:: EXERCISE AIM ::
Output the listing below verbatim, but drop the images.

:: GIVEN MATERIAL ::
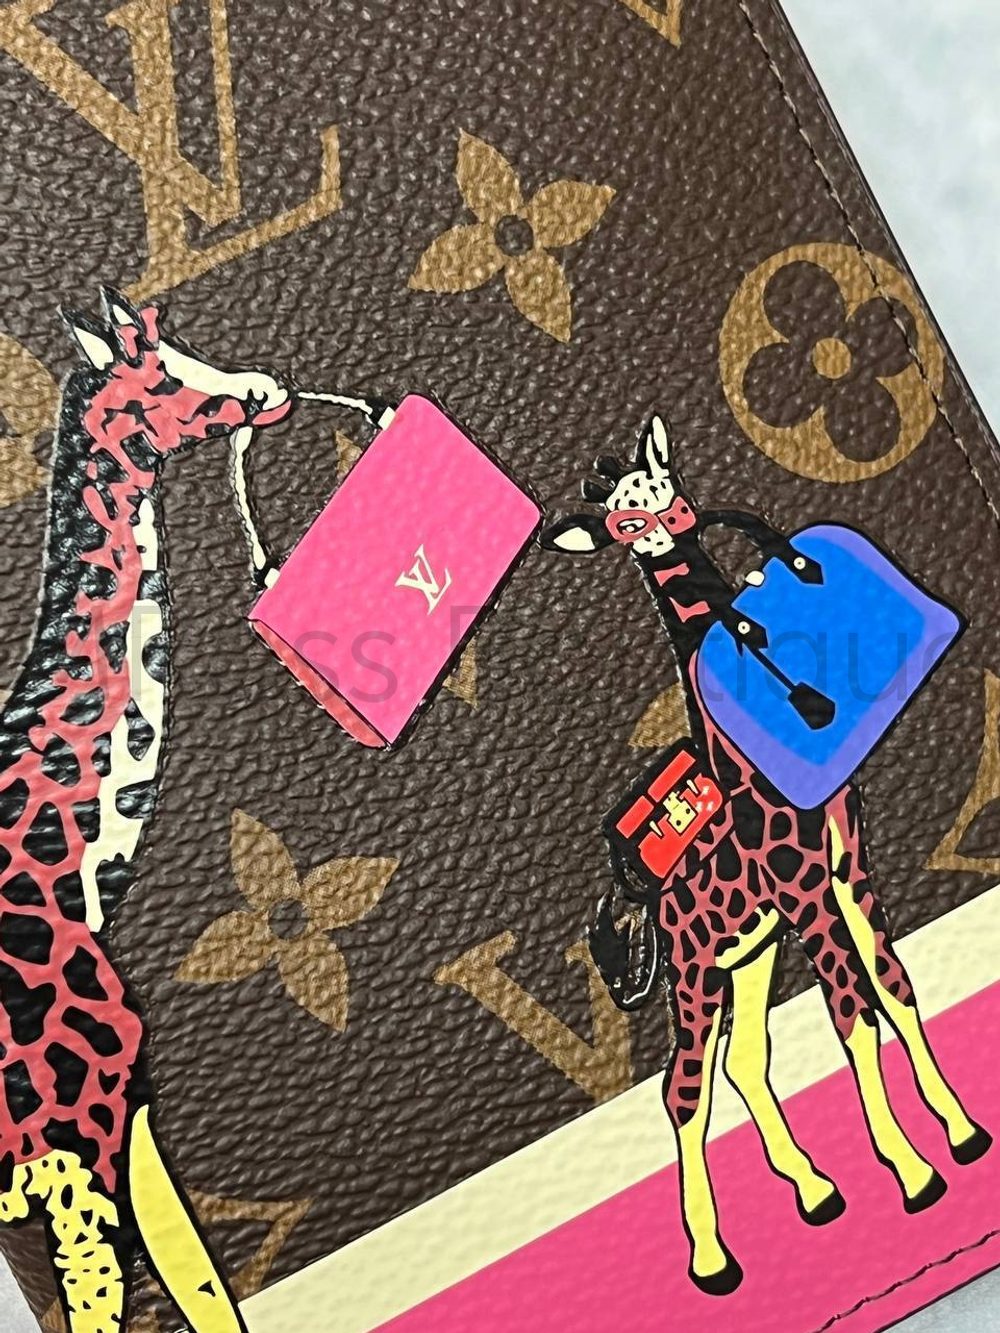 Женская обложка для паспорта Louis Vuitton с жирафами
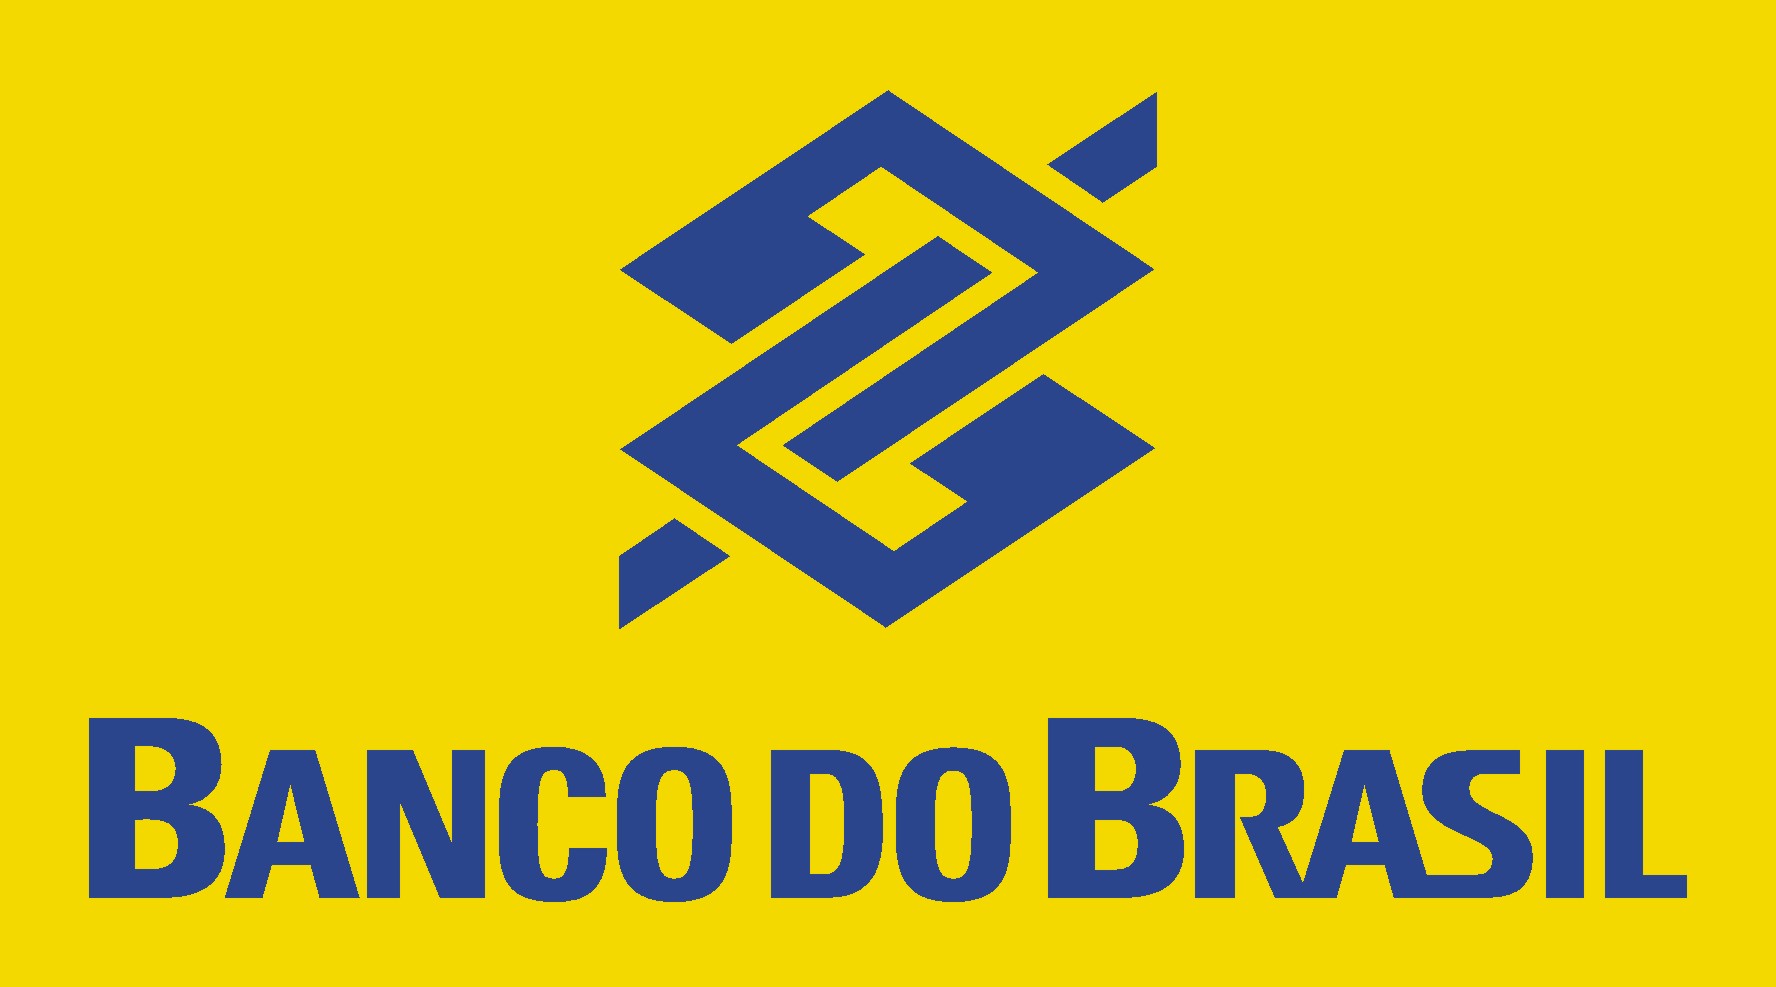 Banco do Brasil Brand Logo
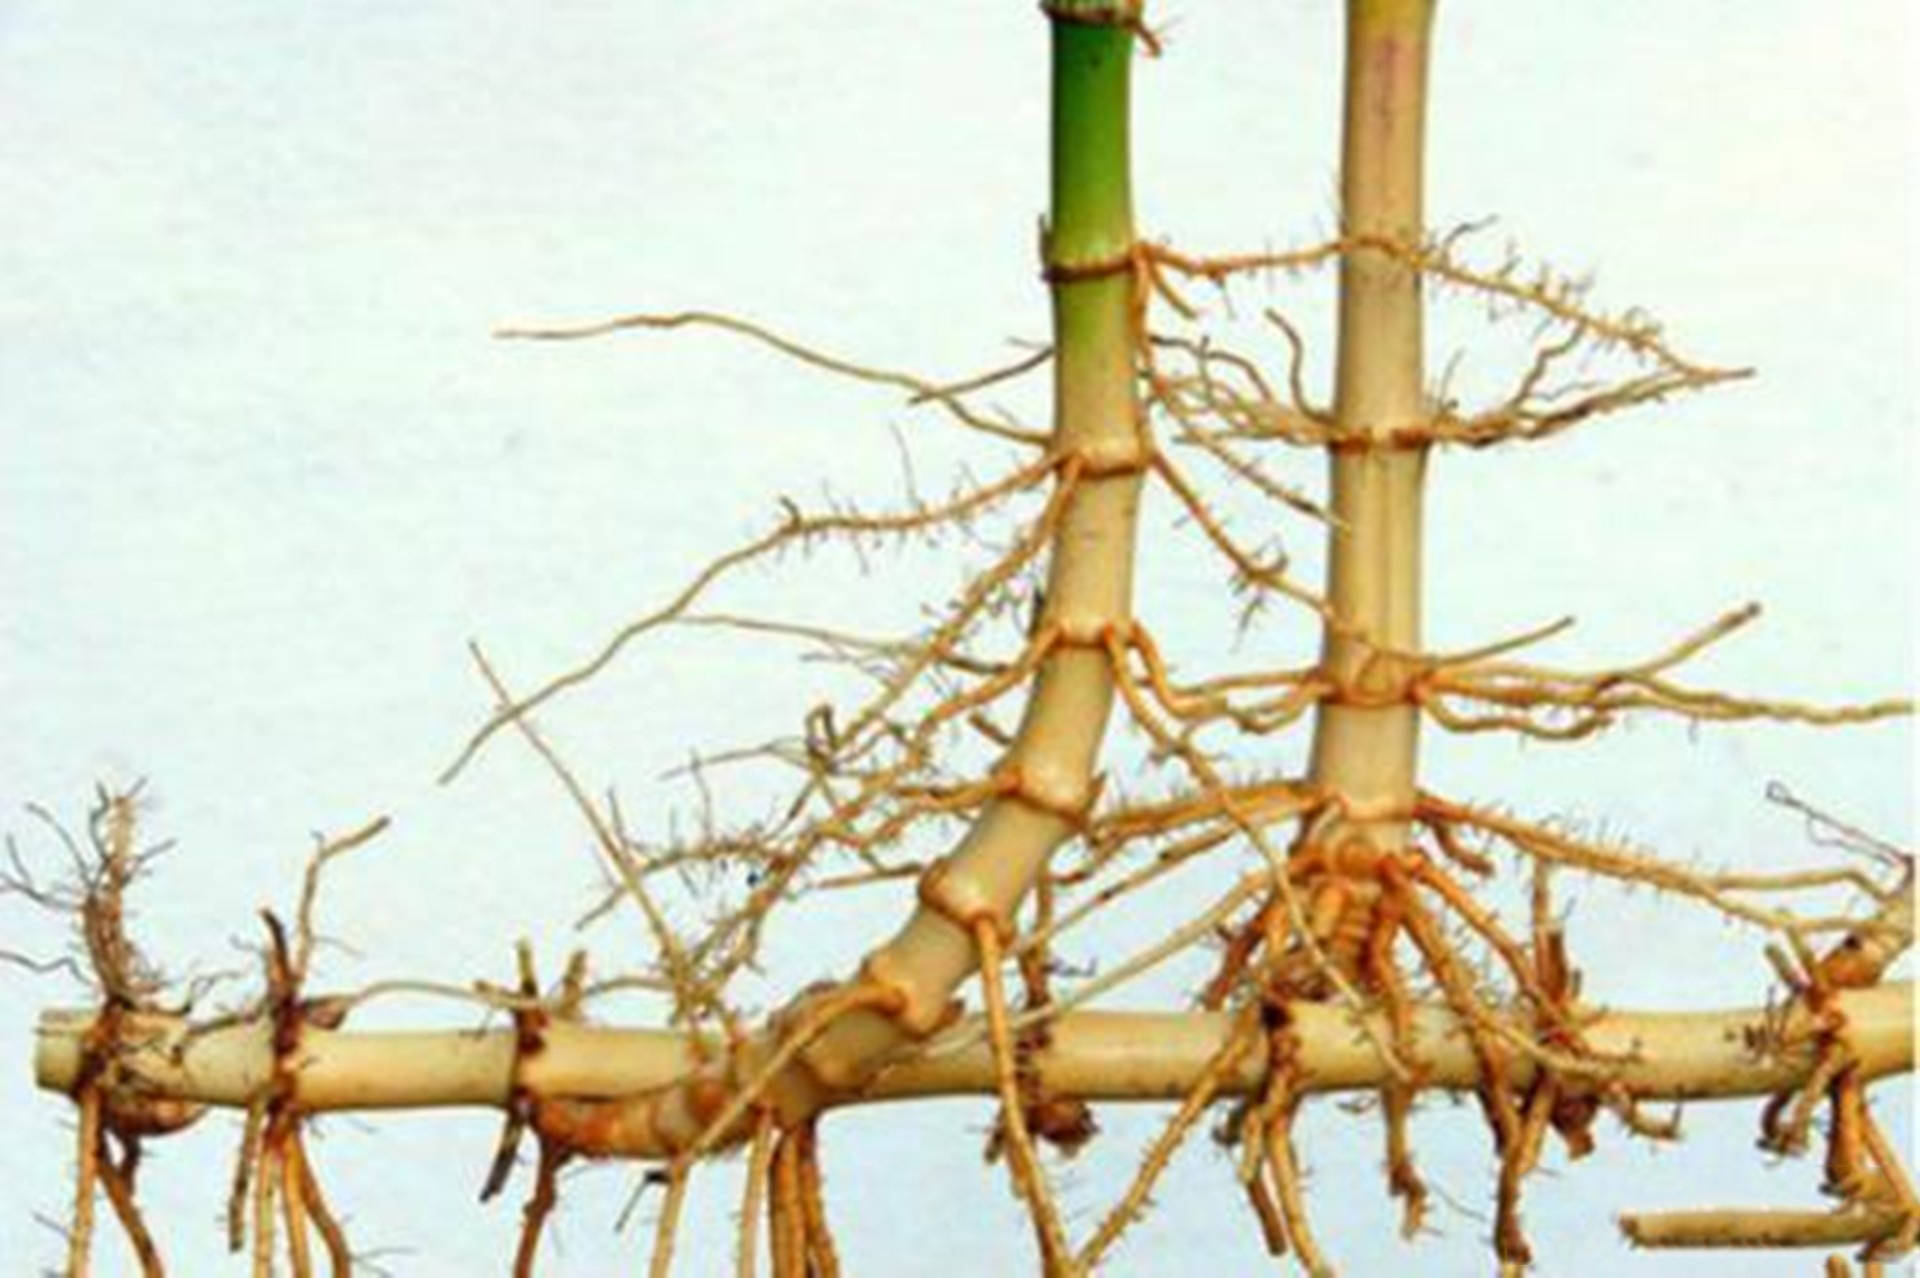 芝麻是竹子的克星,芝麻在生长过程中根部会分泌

:: ANSWER BELOW ::
 Женская обложка для паспорта Louis Vuitton с жирафами
 Banco do Brasil Brand Logo
 芝麻是竹子的克星,芝麻在生长过程中根部会分泌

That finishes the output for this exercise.